What this task involves:
All of the data below should come back exactly as written, minus its images.

Raw data:
/---

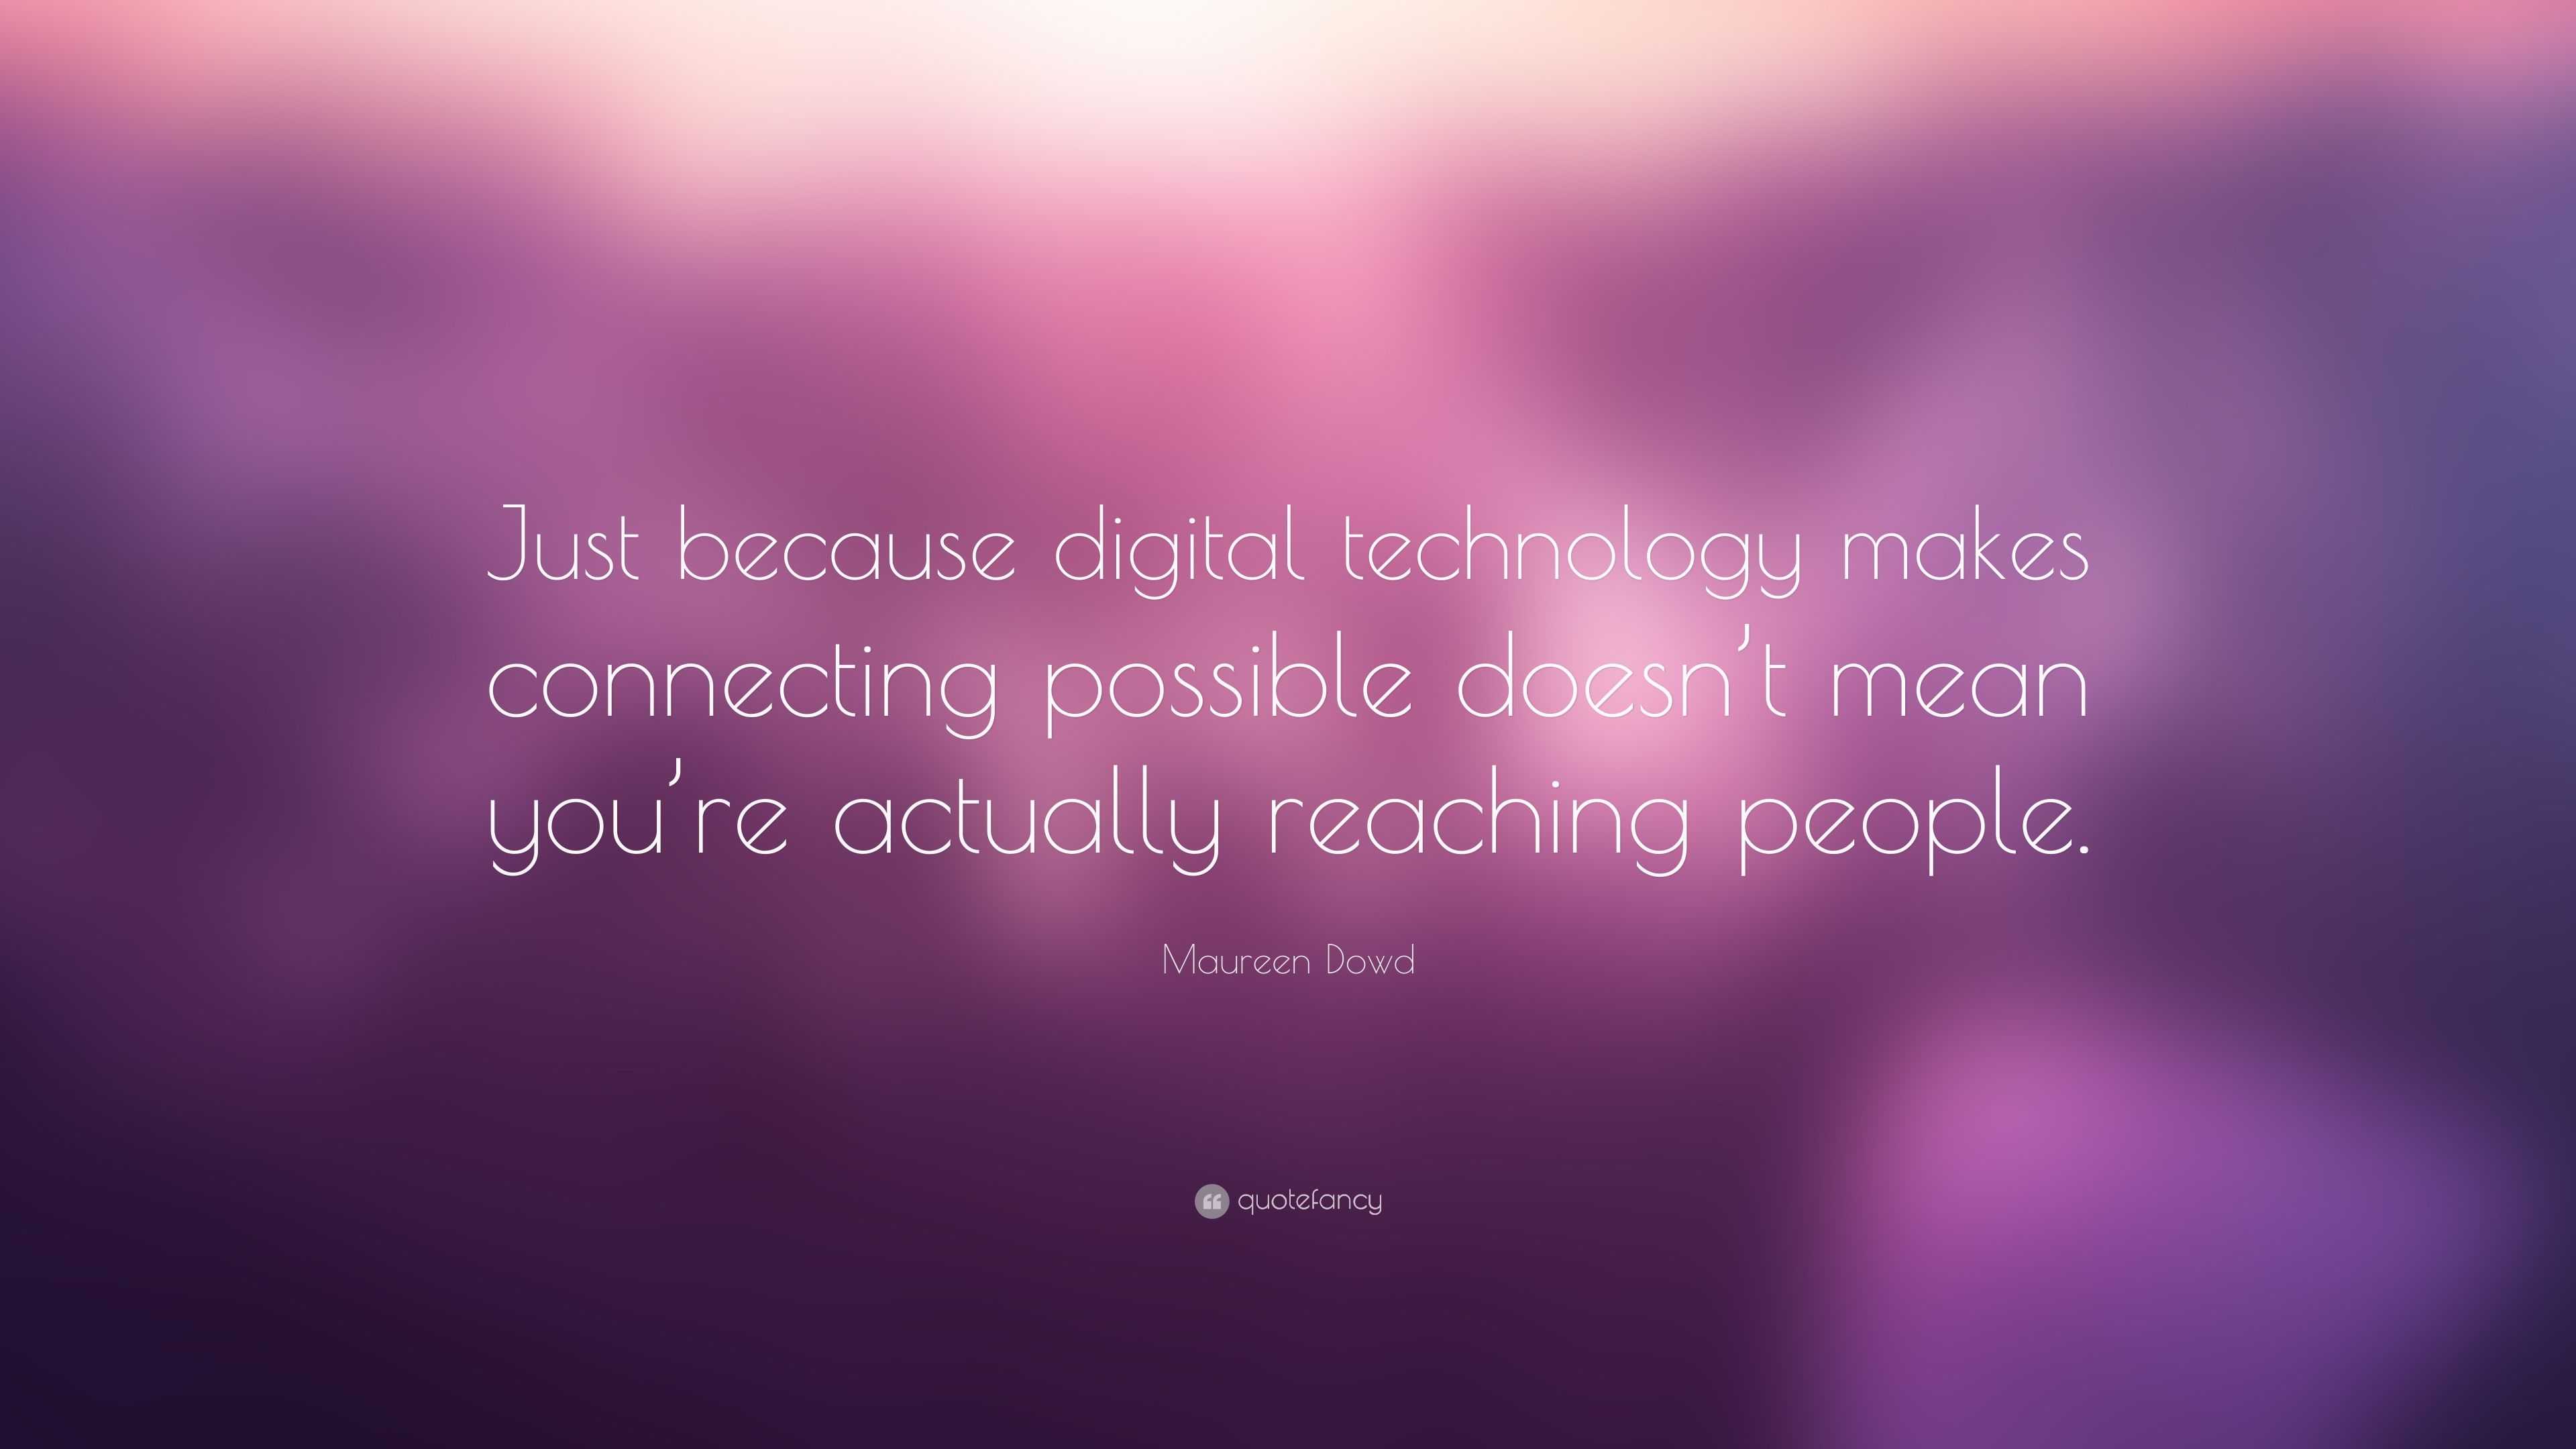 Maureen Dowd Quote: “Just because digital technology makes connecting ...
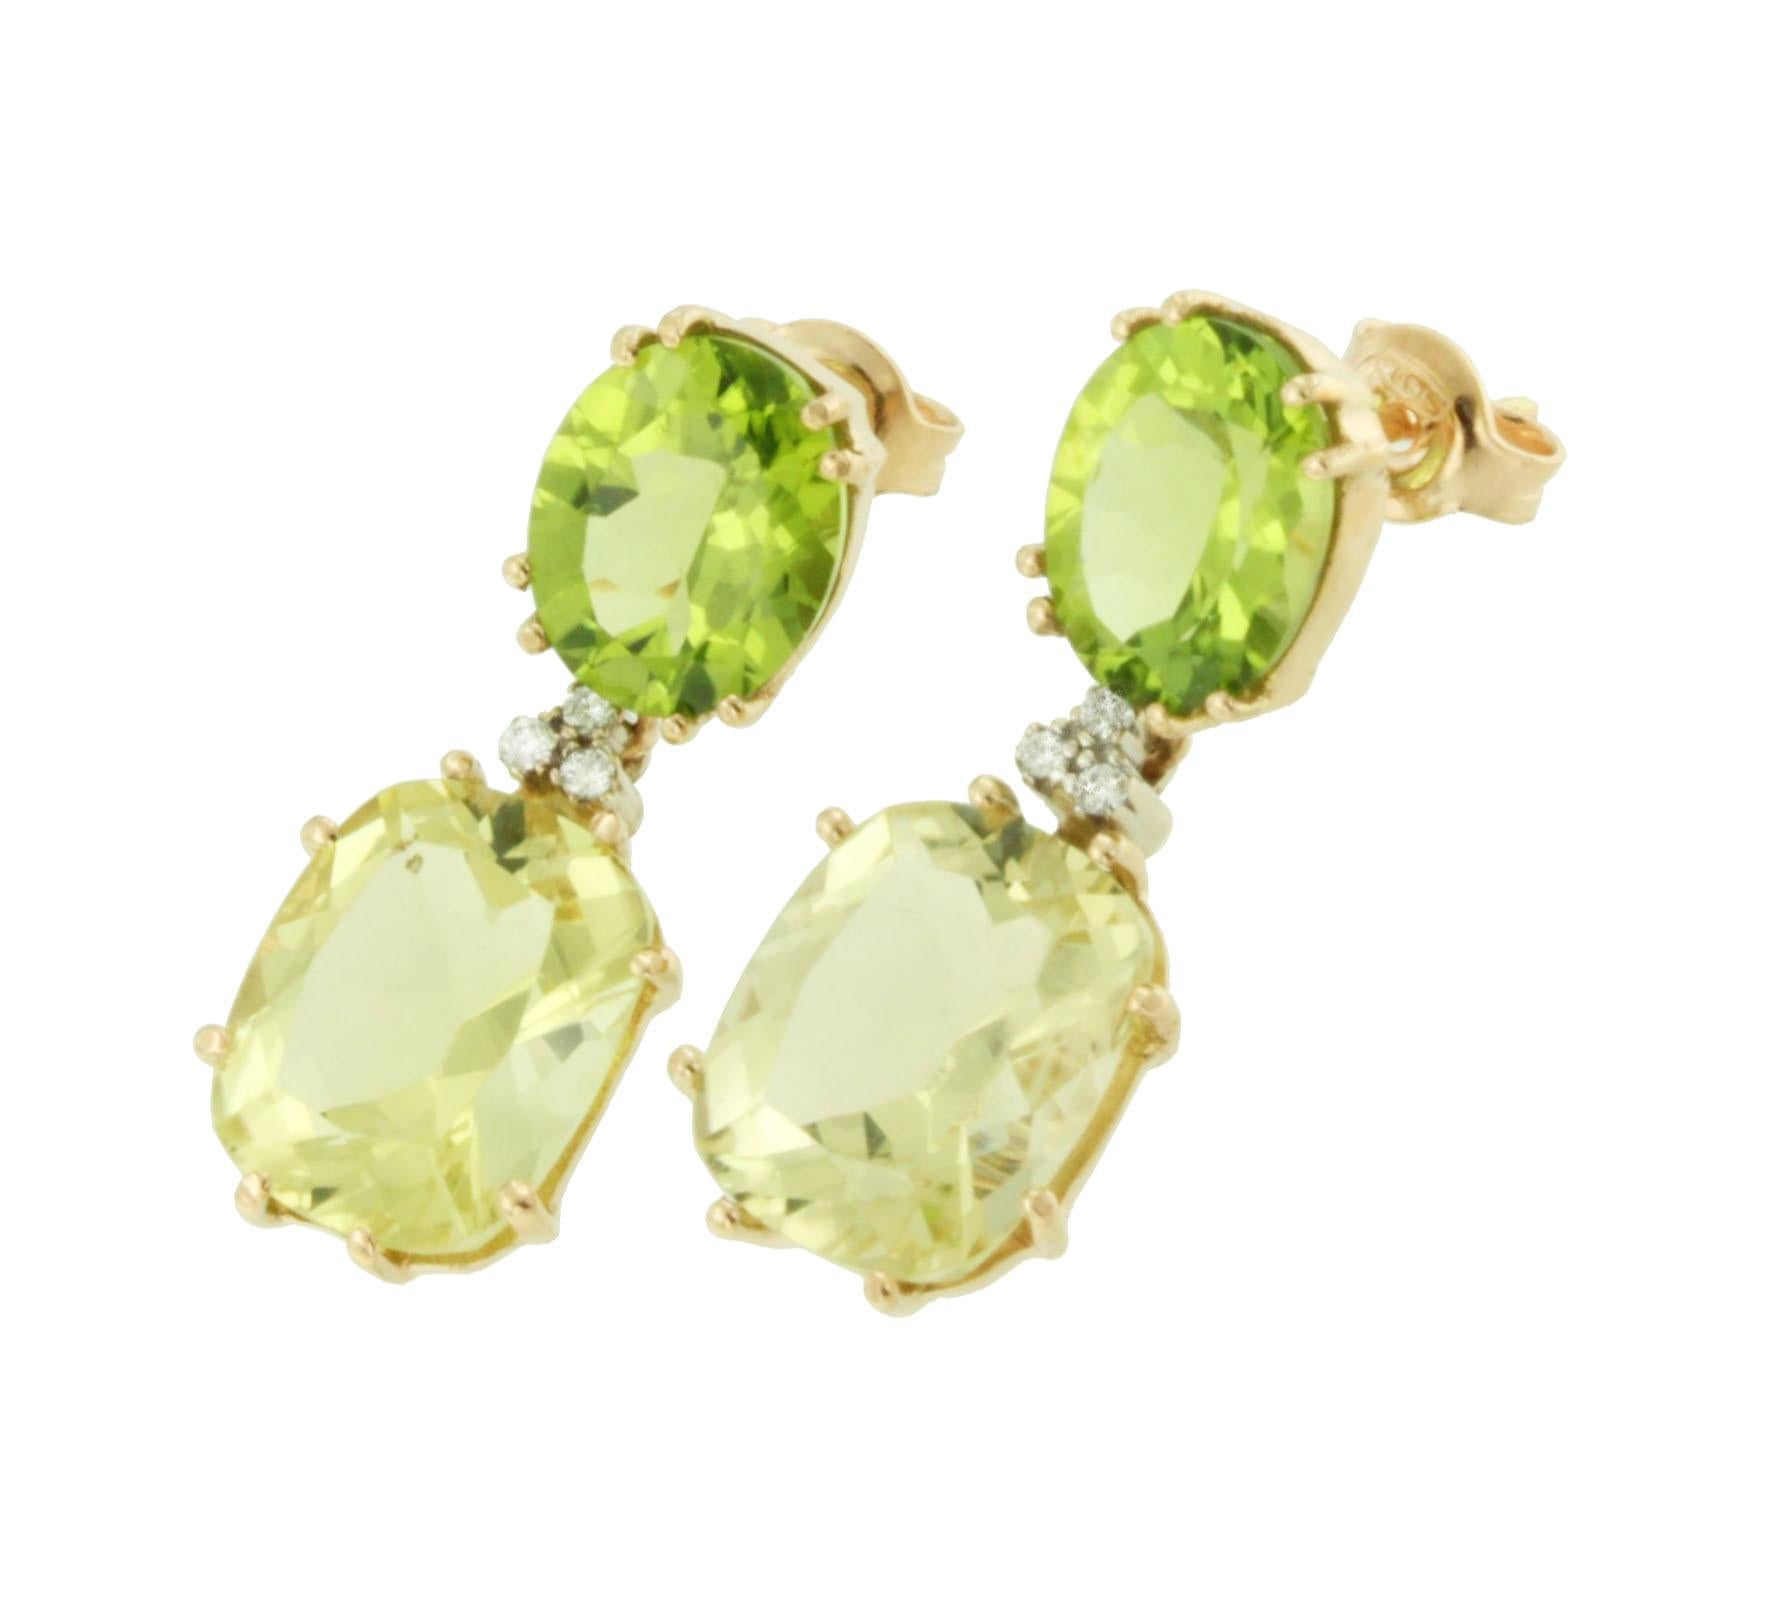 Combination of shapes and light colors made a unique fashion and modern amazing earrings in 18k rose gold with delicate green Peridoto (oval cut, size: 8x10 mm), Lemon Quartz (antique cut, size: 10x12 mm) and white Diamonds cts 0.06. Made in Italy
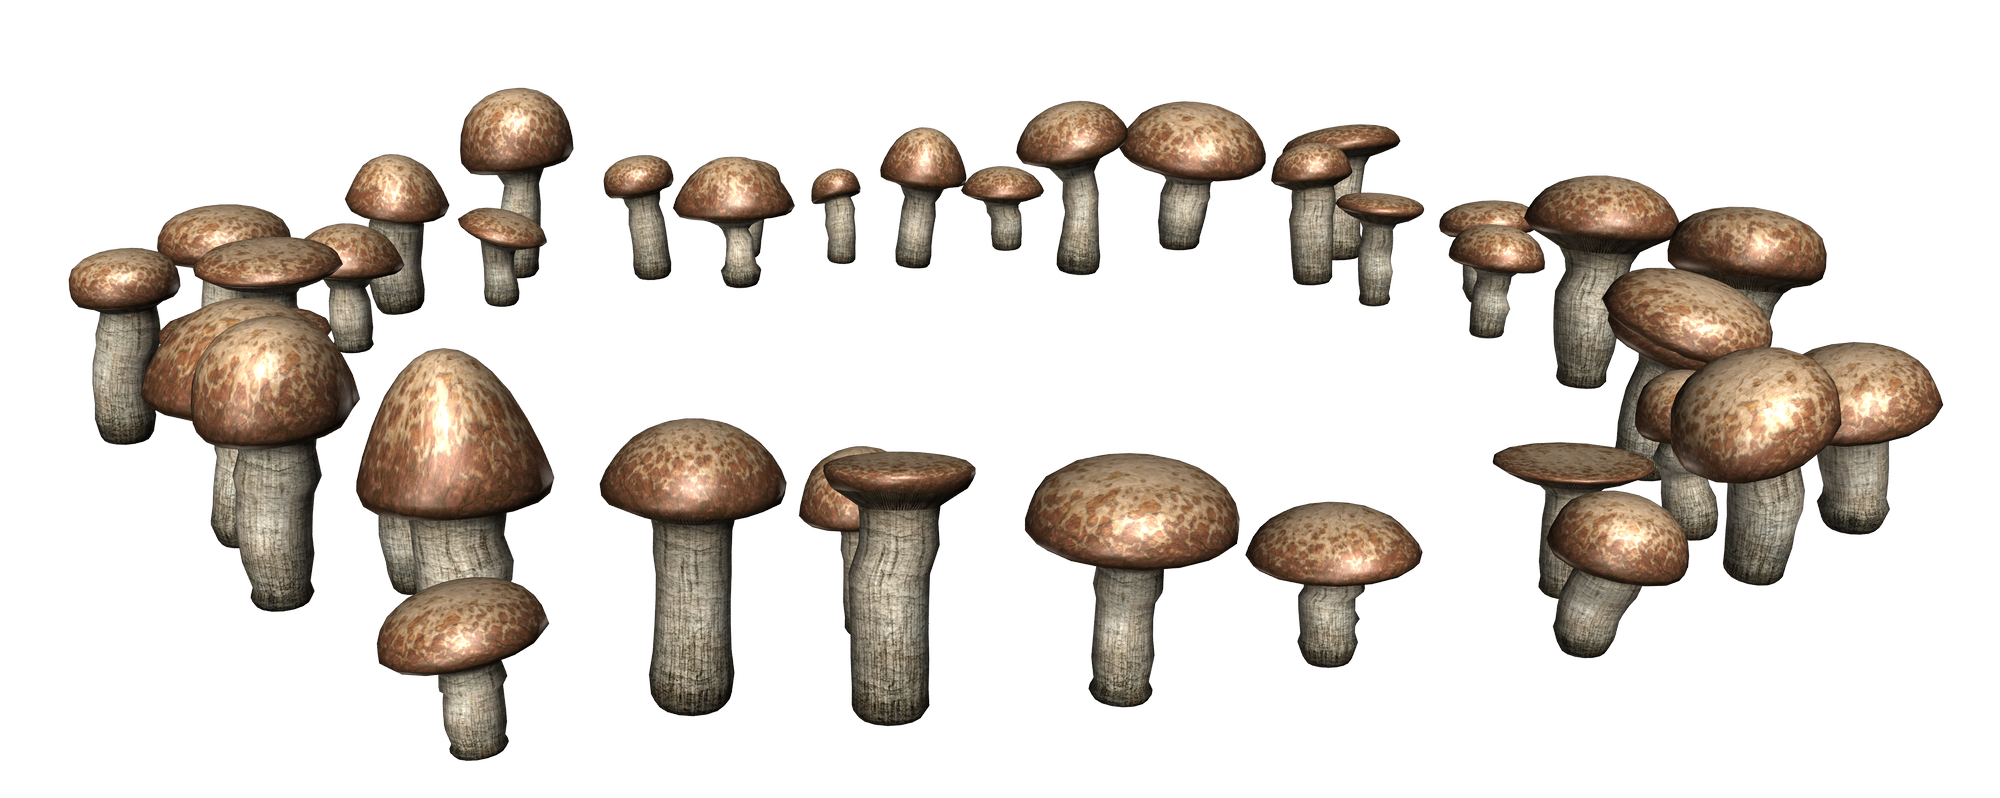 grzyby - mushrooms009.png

\---

Answer section:
 Maureen Dowd Quote: “Just because digital technology makes connecting ...
 Combination of shapes and light colors made a unique fashion and modern amazing earrings in 18k rose gold with delicate green Peridoto (oval cut, size: 8x10 mm), Lemon Quartz (antique cut, size: 10x12 mm) and white Diamonds cts 0.06. Made in Italy
 grzyby - mushrooms009.png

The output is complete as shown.